Teeny note: recommended

If you have an interest in literature, what's happened to English studies in post-post-modern period, and the soul-sucking ideas some mainstream professors might be inculcating in our children, you might just take a look at Lisa Riddick's article at The Point, "When Nothing is Cool."
Clip: "I have spoken with many young academics who say that their theoretical training has left them benumbed. After a few years in the profession, they can hardly locate the part of themselves that can be moved by a poem or novel. It is as if their souls have gone into hiding, to await tenure or some other deliverance."

5 comments:

  1. I'm having a hard time wrapping my mind around that article in its entirety, but I think its author is on to something; there are glimpses of awful truths in't. A few influential medieval-lit scholars have embraced "object-oriented ontology," arguing that we've accorded undue privilege to the perspective of human beings rather than, say, that of boulders or other inanimate objects. These humans admit that it's literally an anti-humanist approach.

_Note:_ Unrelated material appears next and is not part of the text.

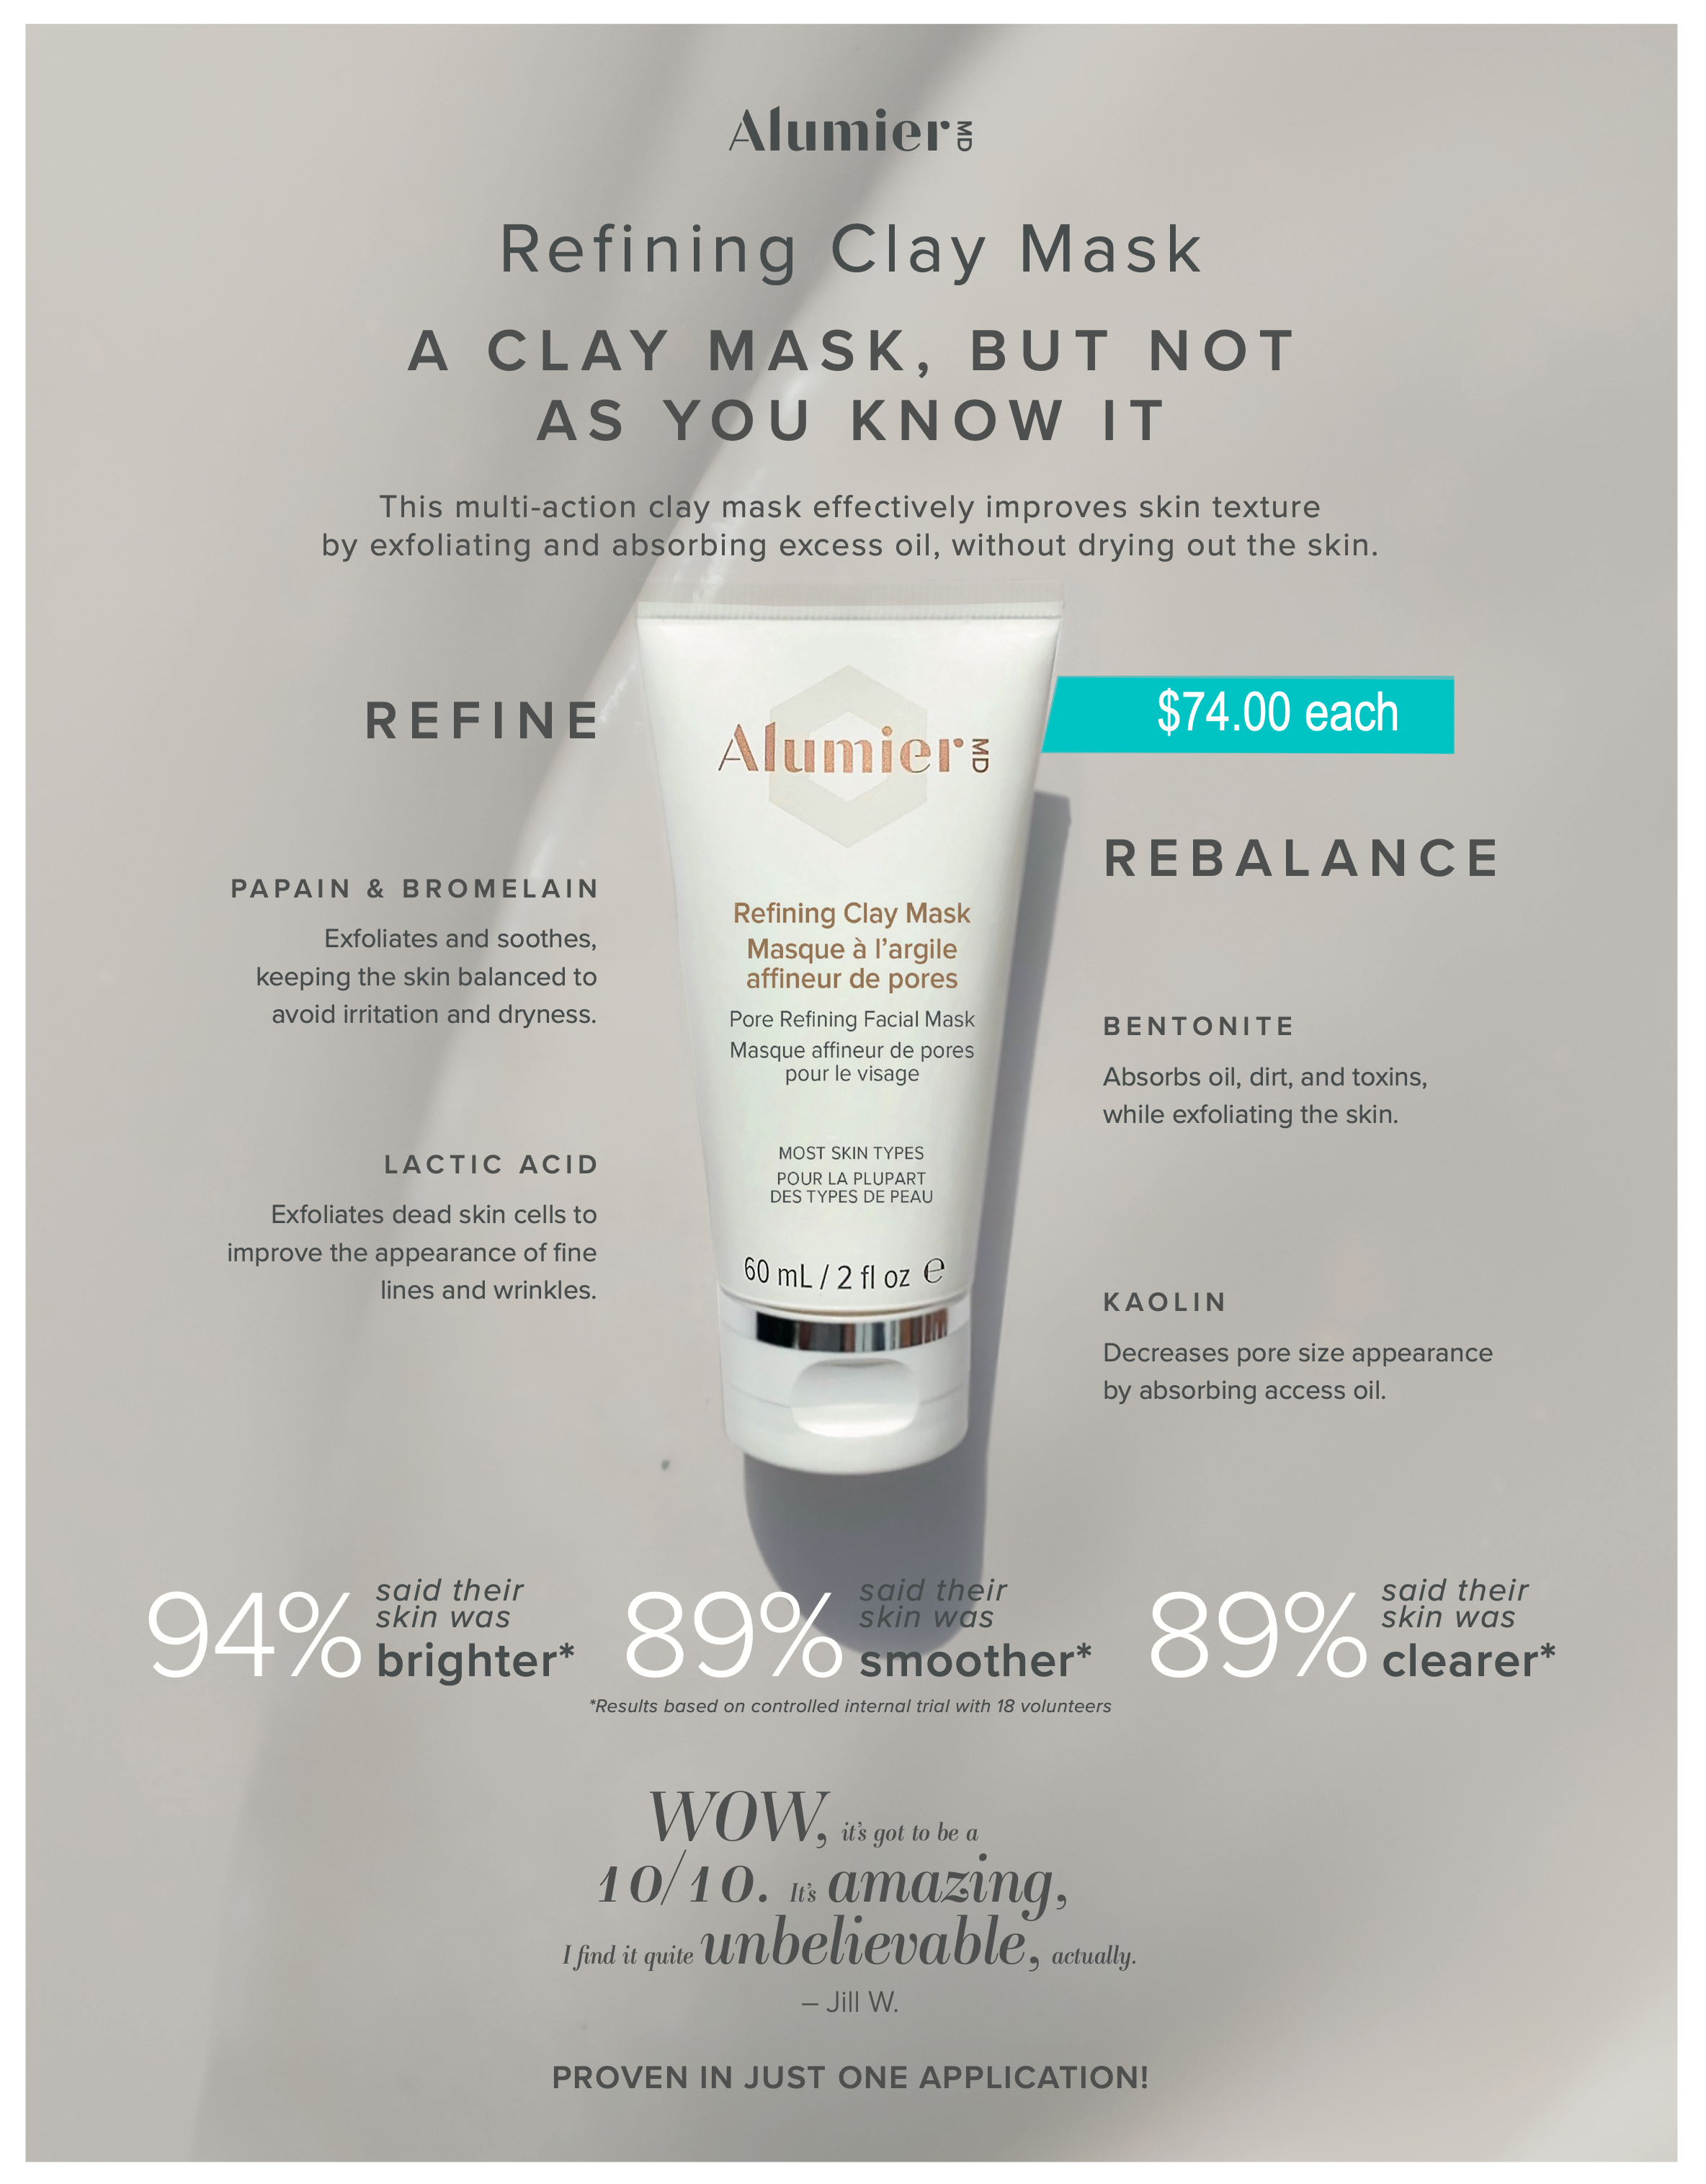 Refining Clay Mask Promotion

    But then that's the thing: if you study medieval literature, you may be reluctant to admit that you discern kindred spirits in it, lest your peers suspect you of finding a worthy nugget of humanity amid the persecution, anti-Semitism, misogyny, fanaticism, and Islamophobia; deriving pleasure from the awful past simply isn't an option. It does help explain, though, why I see quite a few grad students and young scholars pursuing fan activities and side publications in pop-culture studies with more genuine fervor than the work they supposedly plan to build careers around. What a strange, sad time for the humanities.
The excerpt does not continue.